# WHAT NEEDS TO BE DONE
From the entries below, transcribe exactly the lines between the line holding "Blazy Susan 1" and the line holding "A Devonshire Bull", inclusive; skip all other lines.

***** MATERIAL TO PROCESS *****

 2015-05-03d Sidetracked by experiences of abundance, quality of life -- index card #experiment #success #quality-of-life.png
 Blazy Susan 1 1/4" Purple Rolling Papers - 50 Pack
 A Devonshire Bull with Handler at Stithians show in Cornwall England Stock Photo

*****
***** MATERIAL TO PROCESS *****

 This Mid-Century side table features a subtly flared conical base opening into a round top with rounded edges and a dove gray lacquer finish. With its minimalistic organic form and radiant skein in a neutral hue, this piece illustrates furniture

*****
***** MATERIAL TO PROCESS *****

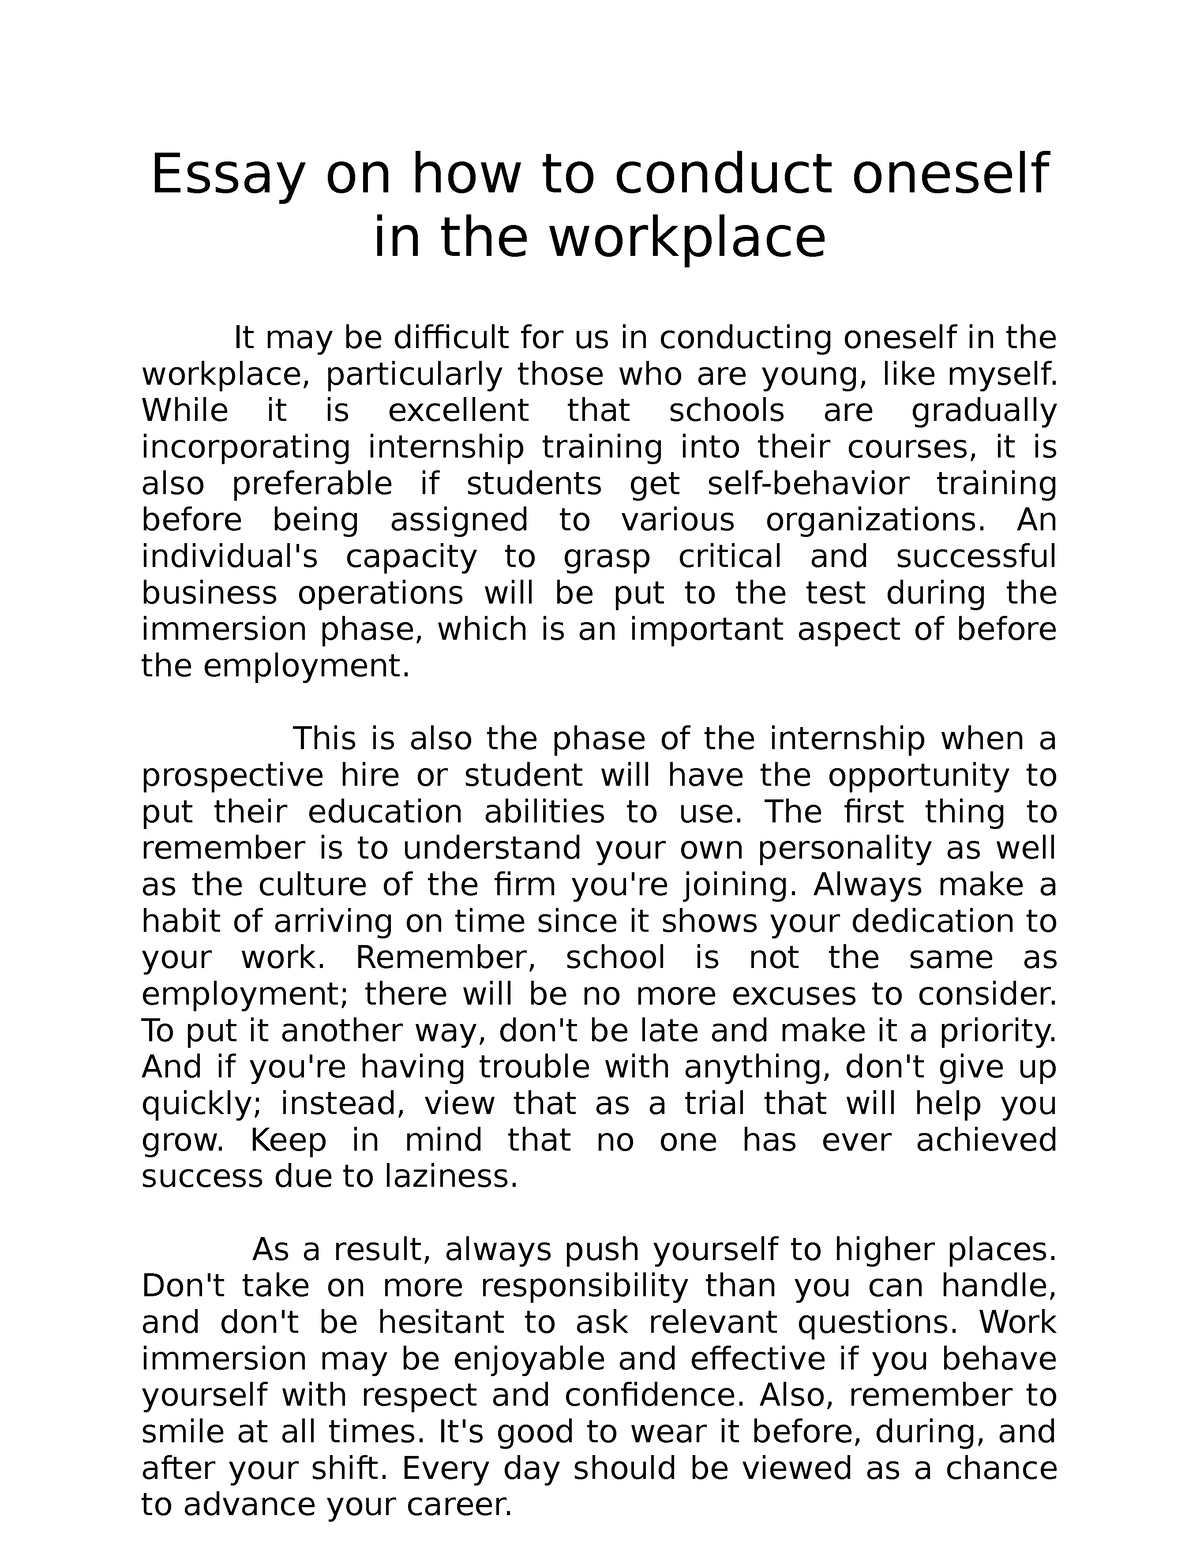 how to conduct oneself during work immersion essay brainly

*****

# THE ANSWER
 Blazy Susan 1 1/4" Purple Rolling Papers - 50 Pack
 A Devonshire Bull with Handler at Stithians show in Cornwall England Stock Photo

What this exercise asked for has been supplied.